Да кем тебе было назначено —
Влюбиться нельзя умереть —
Глазами такими прозрачными
На женщин телесных смотреть?
Взгляну, и замру без движения,
Как буквица красной строки,
Не видя свое отражение,
А только излучье реки,
Где еле, и то в навигацию,
Пройдешь, не задев берега;
Мальчишку на ветке акации
С гудком из пустого стручка;
Собак в отцветающем доннике, —
Я все и не помню уже —
Как в кино- и видеохронике,
Запоротой при монтаже.
Ты знал, что уж если пора, чего
У вечности мелочь просить?
И детство свое не сворачивал,
А младшим оставил носить.
За эту ли связь поколенную,
За то ли, что сердце мое
Когда-то вмещало Вселенную,
А ты вытесняешь ее,
Нас вышлют в почтовом конверте, и
Сожмут до формата avi.
Но мне ли бояться посмертия,
Тебе ли бояться любви?
Инна Домрачева на обратной стороне обложки почему-то названа Ириной. Составителю и корректору трудно было подложить большую свинью автору, и в уважающей себя антологии такое просто недопустимо. Стихи Инны выдержаны в строфической силлабо-тонической манере и просто выдержанны. Жестки, энергичны, где-то даже брутальны. Предполагаемому адресату этих лирических строк не позавидуешь, ему светит «не перчатка в губы – в скулу сапог», как представляется, не столько с гендерных даже позиций, сколько с онтологических. Герой не выдерживает предлагаемую ему высоту чувства, не берёт планку, вообще не тянет. В этом, как представляется, заключён важный внутренний конфликт большинства предложенных в подборке произведений.
Впрочем, лирической героине и самой далеко не сладко под маской железной уральской леди. Об этом говорит и, пожалуй, самое удачное стихотворение подборки «Да кем тебе было назначено…». Инъекция мудрой нежности, предпринятая в этой вещи, оборачивается поэтической удачей. Впрочем, хватает и претензий. Кое-где автор не справляется с формой, и она мстит – то неестественным оборотом, то неточным словом, то тавтологией: «суетный правильный слог убог, // Но аккордами я не смог», «К горизонту на скорую руку, внахлёст // Притачали окраинный лес» (скорее, пришили), «карь» (вместо кареглаз), «замру без движения». Но это частности, окупаемые богатой образностью, иногда сразу же, в следующих строках. Есть момент и серьёзней. Высокий эмоциональный строй женской лирики, вообще, часто соскальзывает в истерику. Эту опасность автор, вероятно, чувствует. Во всяком случае, любопытно, что с предельно эмоциональных восклицаний стихи здесь порой начинаются, но никогда ими не заканчиваются.

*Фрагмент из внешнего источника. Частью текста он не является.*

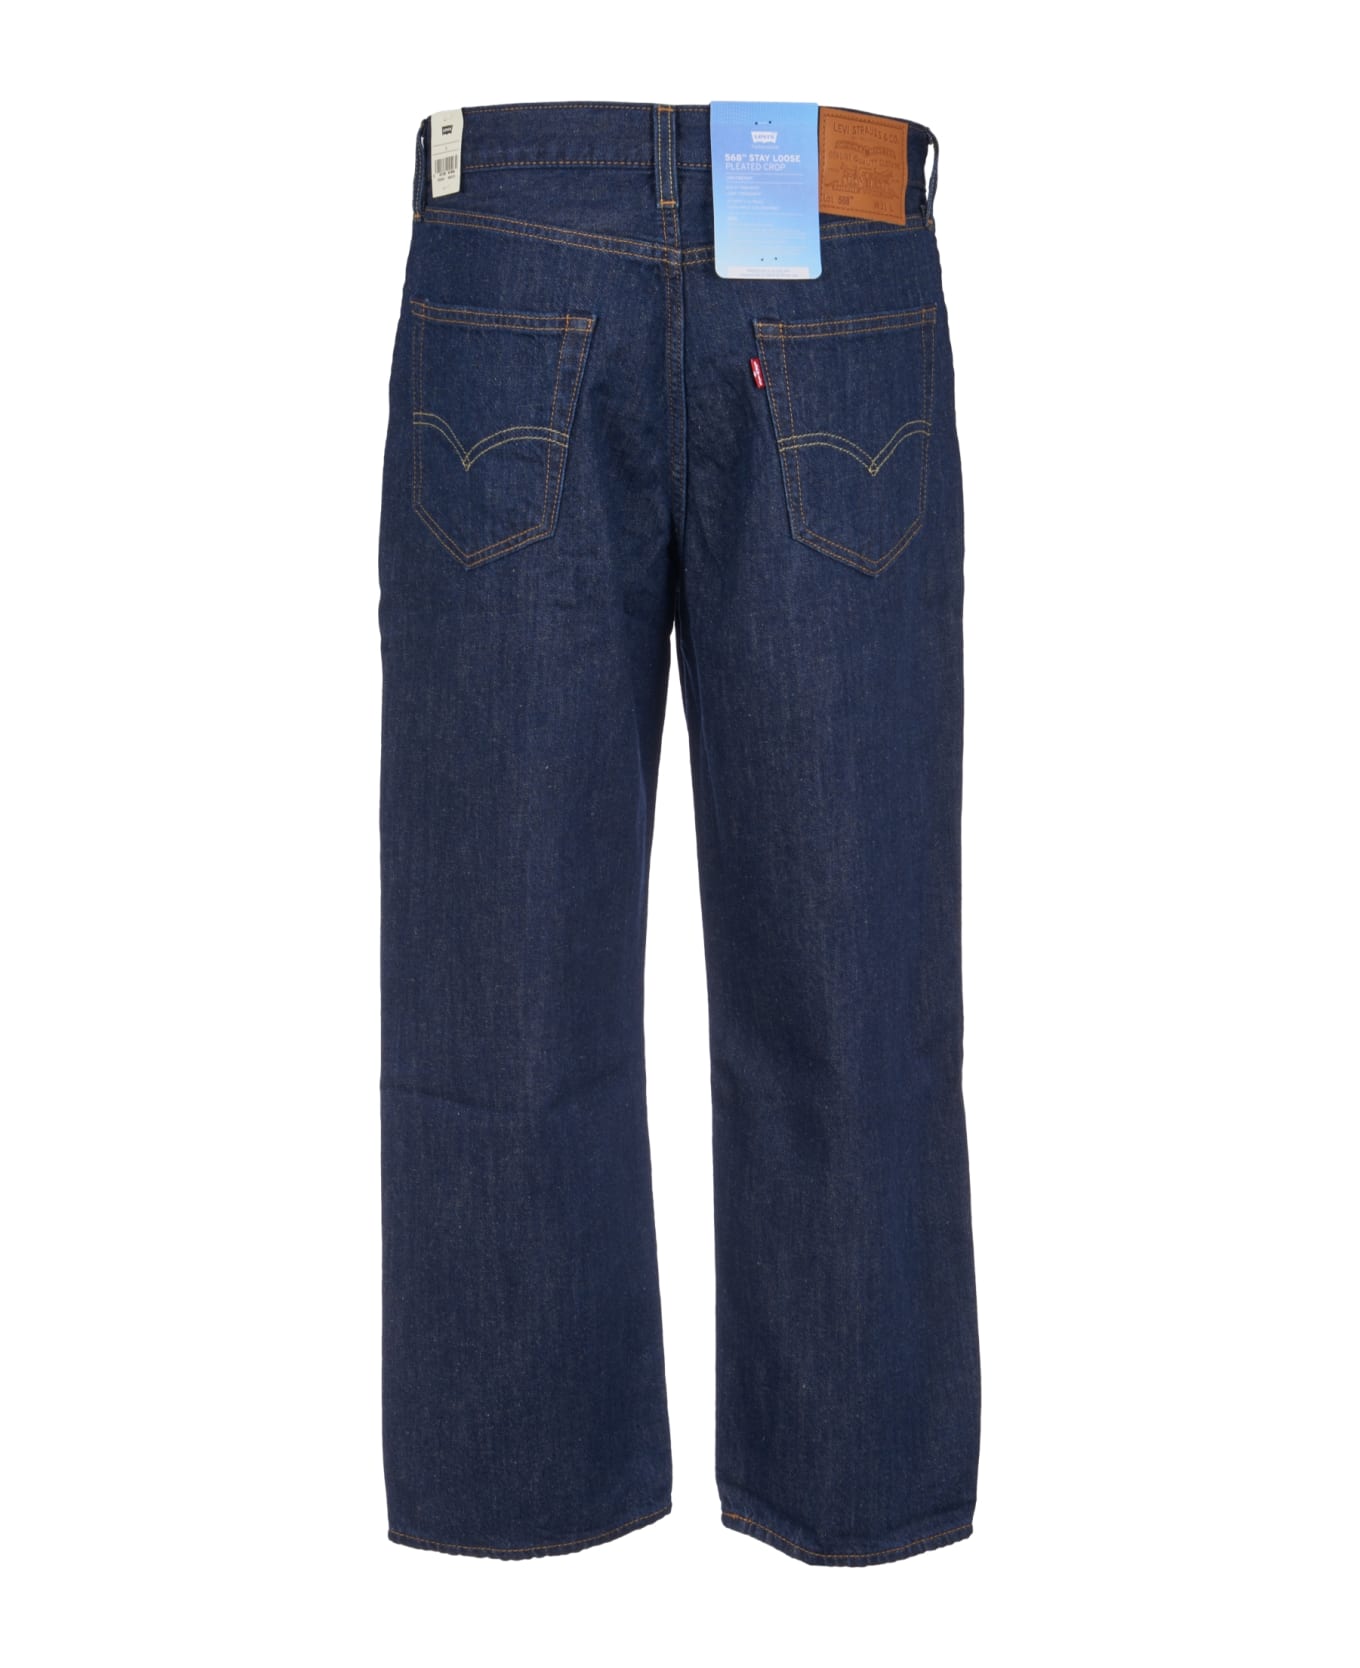 Levi's Buttoned Cropped Jeans - Blue デニム

Имеет ли это отношение к возникновению текста или авторской интонации – вопрос сложный, но, во всяком случае, такой эмоциональный спад нетипичен и придаёт стихам то самое «лица необщее выражение». В других вещах подборки, наоборот, целиком выдержана холодноватая интонация, не оттого ли они запоминаются хуже.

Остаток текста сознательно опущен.